Example 2: Runtime values

pub fn main() void {
    var buffer = [_]u8{1, 2, 3, 4, 5};
    var index: usize = 4;
    index += 1;
    buffer[index] = 100;
}

In this example, we have the same array buffer, but the index is determined at runtime. We start with index set to 4, and then we increment it by 1, making it 5. When we try to access buffer[5], it is out of bounds. Since the index is not known at compile time, Zig will allow the code to compile, but it will crash at runtime with an appropriate stack trace.

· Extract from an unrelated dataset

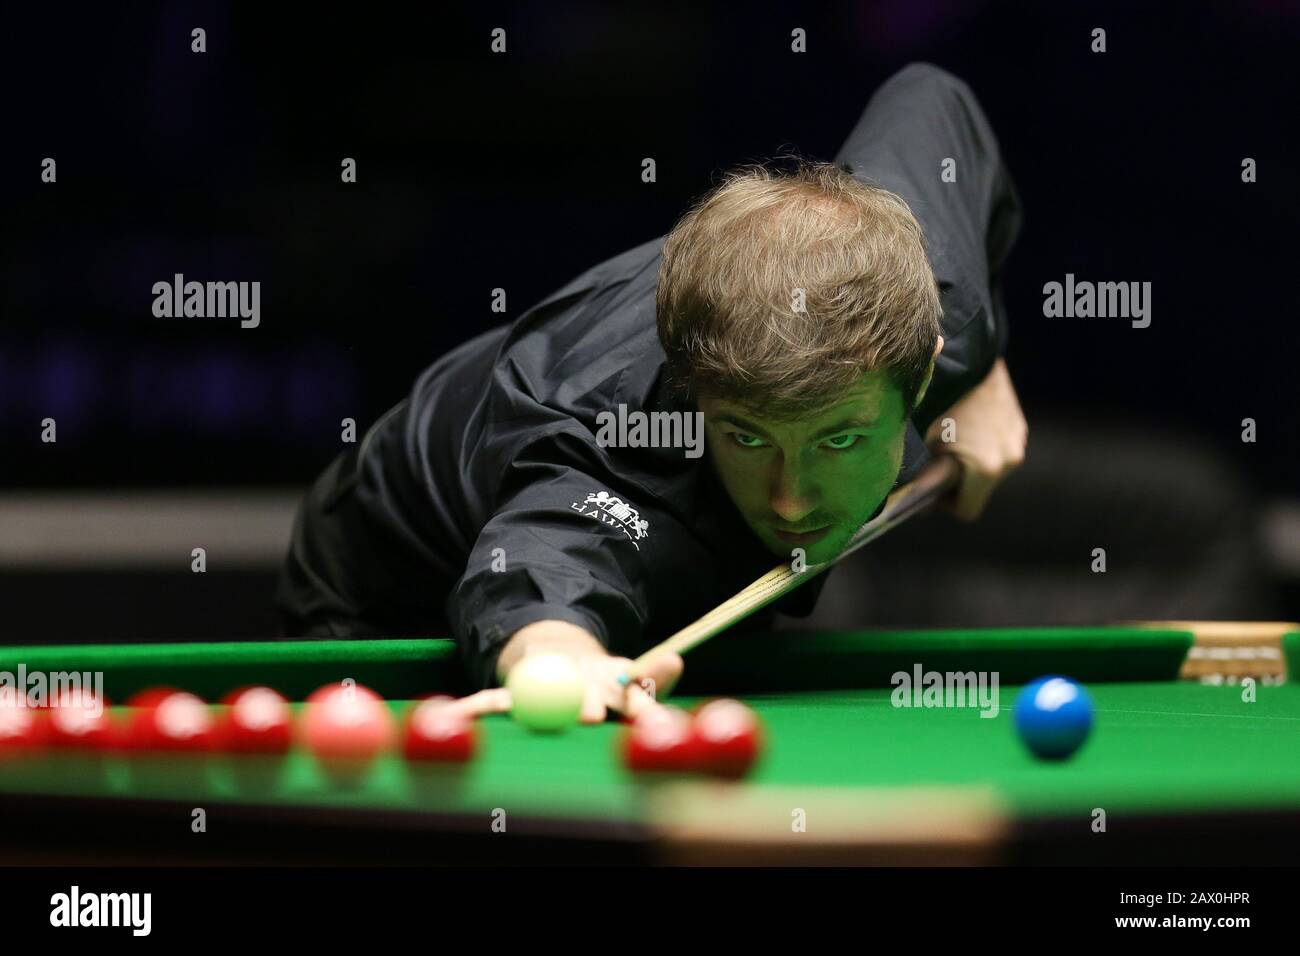 Cardiff, UK. 10th Feb, 2020. Jack Lisowski of England during his 1st round  match against Li Hang of China. ManBet X Welsh Open snooker 2020, day 1 at  the Motorpoint Arena in

m3lk0r@parrot:~$ ./zig-bootstrap/zig/stage3/bin/zig build-exe main.zig
m3lk0r@parrot:~$ file main
main: ELF 64-bit LSB executable, x86-64, version 1 (SYSV), statically linked, with debug_info, not stripped
m3lk0r@parrot:~$ ./main
thread 2816 panic: index out of bounds: index 5, len 5
/home/m3lk0r/main.zig:5:11: 0x11abd16 in main (main.zig)
    buffer[index] = 100;
          ^
/home/m3lk0r/zig-bootstrap/zig/stage3/lib/zig/std/start.zig:679:59: 0x11ab332 in callMain (std.zig)
    if (fn_info.params.len == 0) return wrapMain(root.main());
                                                          ^
/home/m3lk0r/zig-bootstrap/zig/stage3/lib/zig/std/start.zig:190:5: 0x11aadb1 in _start (std.zig)
    asm volatile (switch (native_arch) {
    ^
Aborted (core dumped)

In order to see how Zig does this under the hood, we need to check its AIR. You can read more about AIR here.

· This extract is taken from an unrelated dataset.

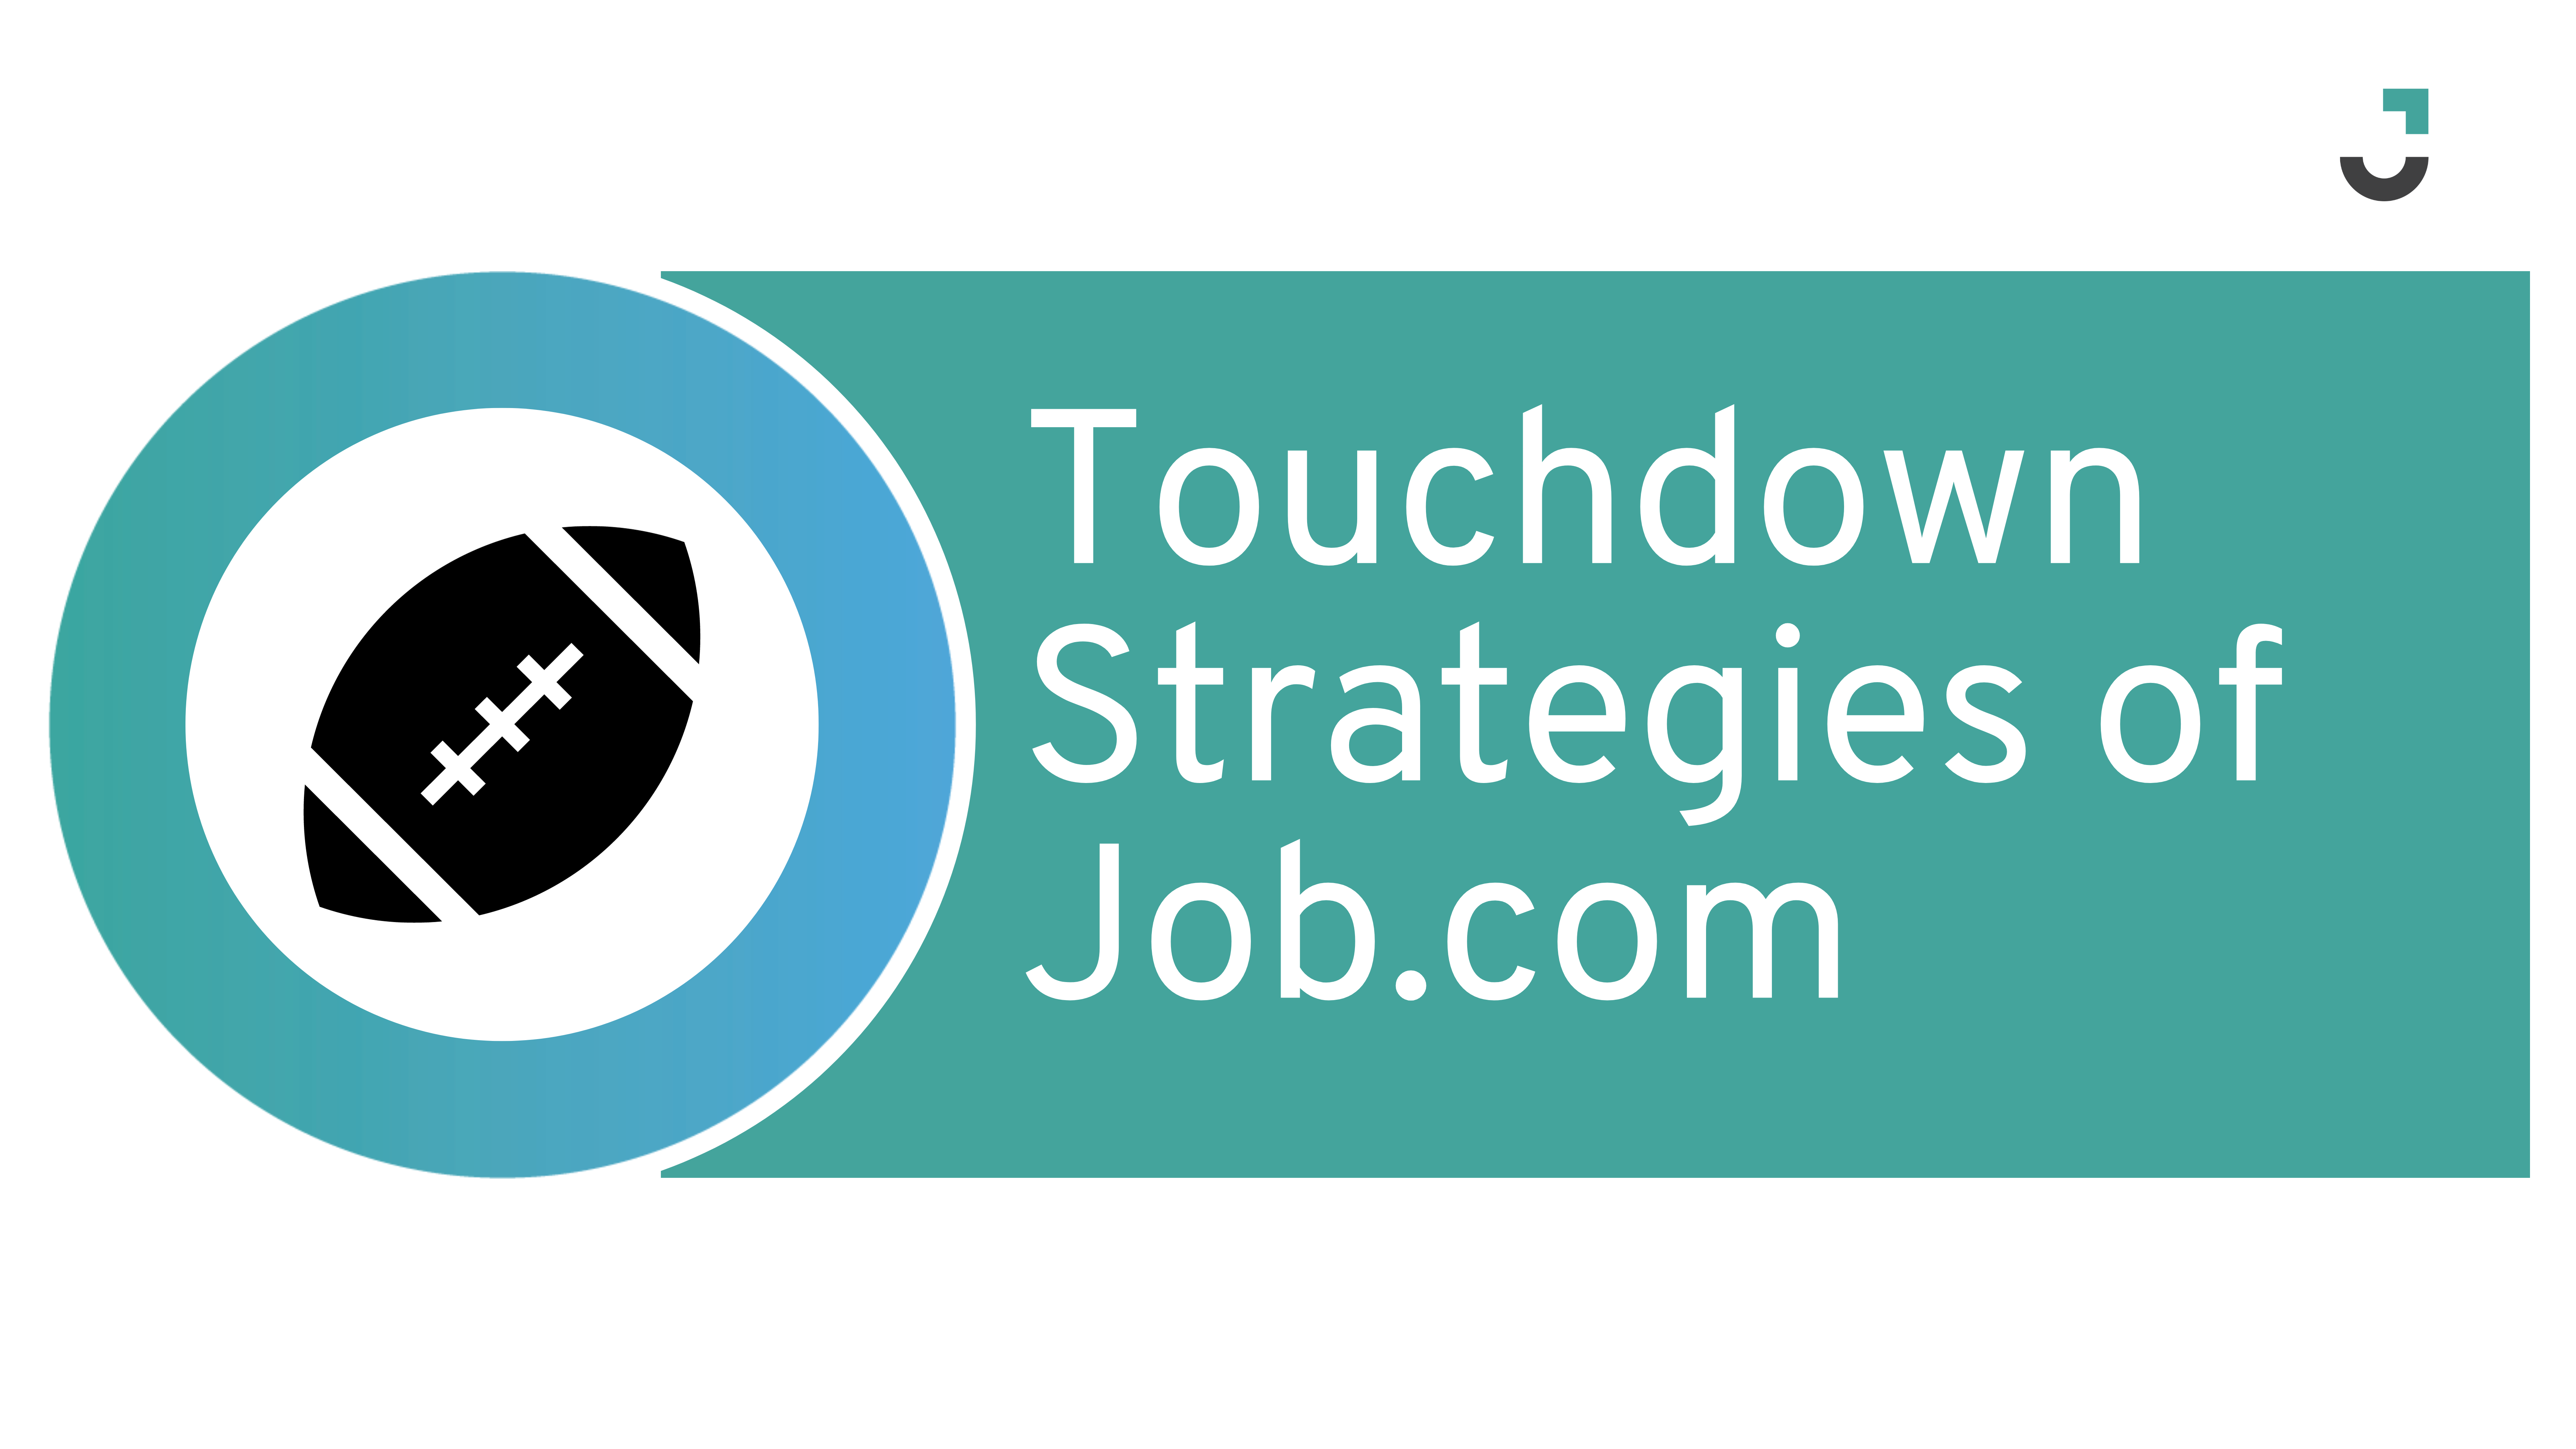 From Endzones to Inboxes: The Touchdown Strategies of Job.com

Zig master (0.16.0, at the time of writing) is used for this example

First, we need to compile the code to dump AIR. Run the following:

./zig-bootstrap/zig/stage3/bin/zig build-obj main.zig

Make sure to use the debug build of the Zig compiler, as --verbose-air is only available for debug build of the compiler.

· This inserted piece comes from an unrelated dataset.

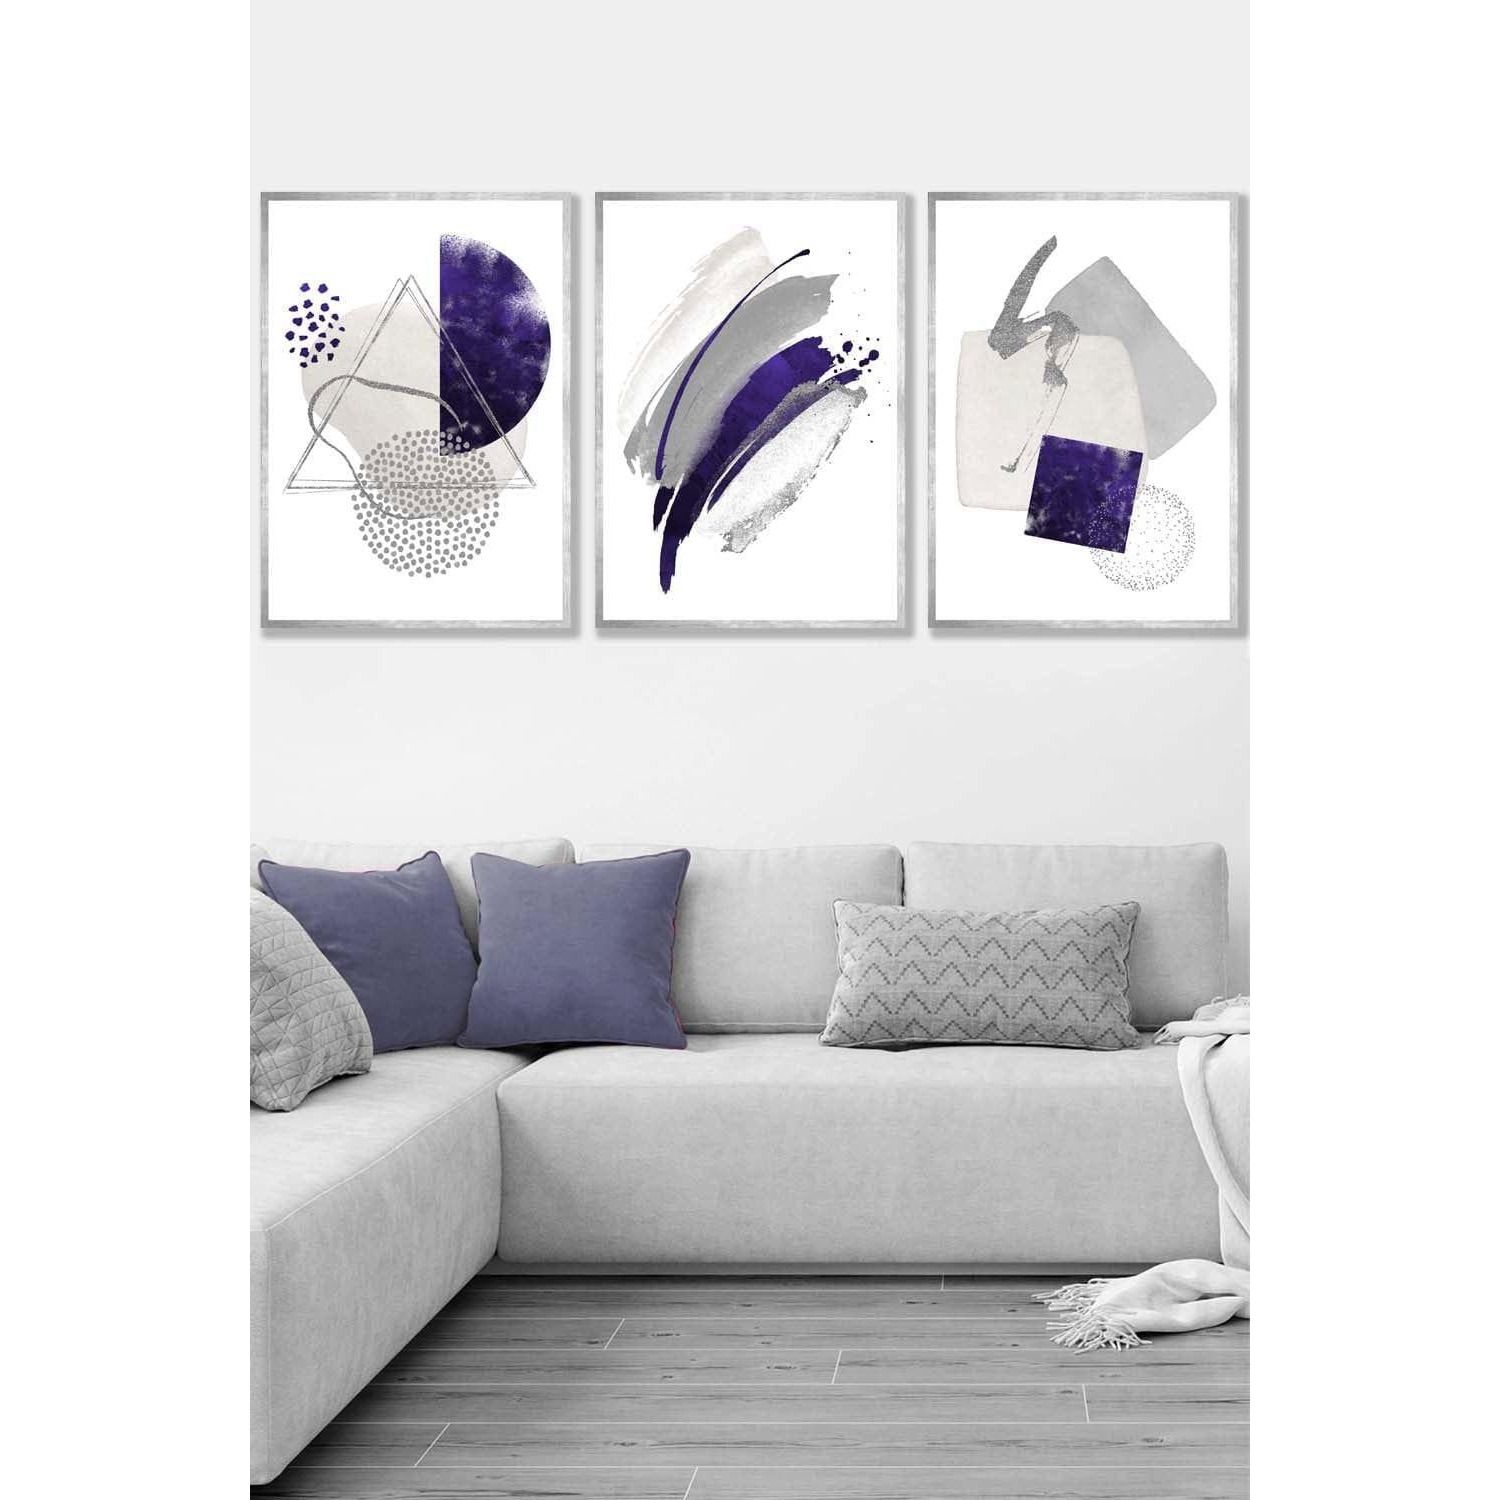 Set of 3 Silver Framed Abstract Purple Silver Watercolour Shapes Wall Art - image 1

The AIR produced is some ~220000 lines, so we will just look at main.

# Begin Function AIR: main.main:
# Total AIR+Liveness bytes: 771B
# AIR Instructions:         35 (315B)
# AIR Extra Data:           60 (240B)
# Liveness tomb_bits:       24B
# Liveness Extra Data:      12 (48B)
# Liveness special table:   4 (32B)
  %0!= save_err_return_trace_index()
  %1!= dbg_stmt(2:5)
  %2 = alloc(*[5]u8)
  %3!= store(%2, <[5]u8, "\x01\x02\x03\x04\x05".*>)
  %5!= dbg_var_ptr(%2, "buffer")
  %6!= dbg_stmt(3:5)
  %7 = alloc(*usize)
  %8!= store_safe(%7, <usize, 4>)
  %9!= dbg_var_ptr(%7, "index")
  %10!= dbg_stmt(4:5)
  %11 = load(usize, %7)
  %12!= dbg_stmt(4:11)
  %13 = block(usize, {
    %27 = add_with_overflow(struct { usize, u1 }, %11!, @.one_usize)
    %28 = struct_field_val(%27, 1)
    %29 = cmp_eq(%28!, @.one_u1)
    %30!= cond_br(%29!, cold {
      %2! %27! %7!
      %31!= call(<fn () noreturn, (function 'integerOverflow')>, [])
      %32!= unreach()
    }, {
      %33 = struct_field_val(%27!, 0)
      %34!= br(%13, %33!)
    })
  } %11!)
  %14!= store_safe(%7, %13!)
  %15!= dbg_stmt(5:5)
  %16 = load(usize, %7!)
  %17!= dbg_stmt(5:11)
  %18 = cmp_lt(%16, <usize, 5>)
  %21!= block(void, {
    %22!= cond_br(%18!, likely {
      %23!= br(%21, @.void_value)
    }, cold {
      %2!
      %19!= call(<fn (usize, usize) noreturn, (function 'outOfBounds')>, [%16!, <usize, 5>])
      %20!= unreach()
    })
  } %18!)
  %24 = ptr_elem_ptr(*u8, %2!, %16!)
  %25!= store_safe(%24!, <u8, 100>)
  %26!= ret_safe(@.void_value)
# End Function AIR: main.main

Understanding from %0 to %15 will be left as an exercise to the reader. At %16, %16 = load(usize, %7!) loads the current value of index. %18 = cmp_lt(%16, <usize, 5>) asks if the index, which is 5 is less than the array length. Next, %22!= cond_br(%18!, likely checks if index is 0-4 and continues to %23! if it is. But in our case, this check fails and therefore cold path is taken which calls %19!= call(<fn (usize, usize) noreturn, (function 'outOfBounds')>, [%16!, <usize, 5>]) This means the final write (from %24 to %26) doesn’t happen since cold path %20 was taken and thread 257906 panic: index out of bounds: index 5, len 5 is printed on stdout.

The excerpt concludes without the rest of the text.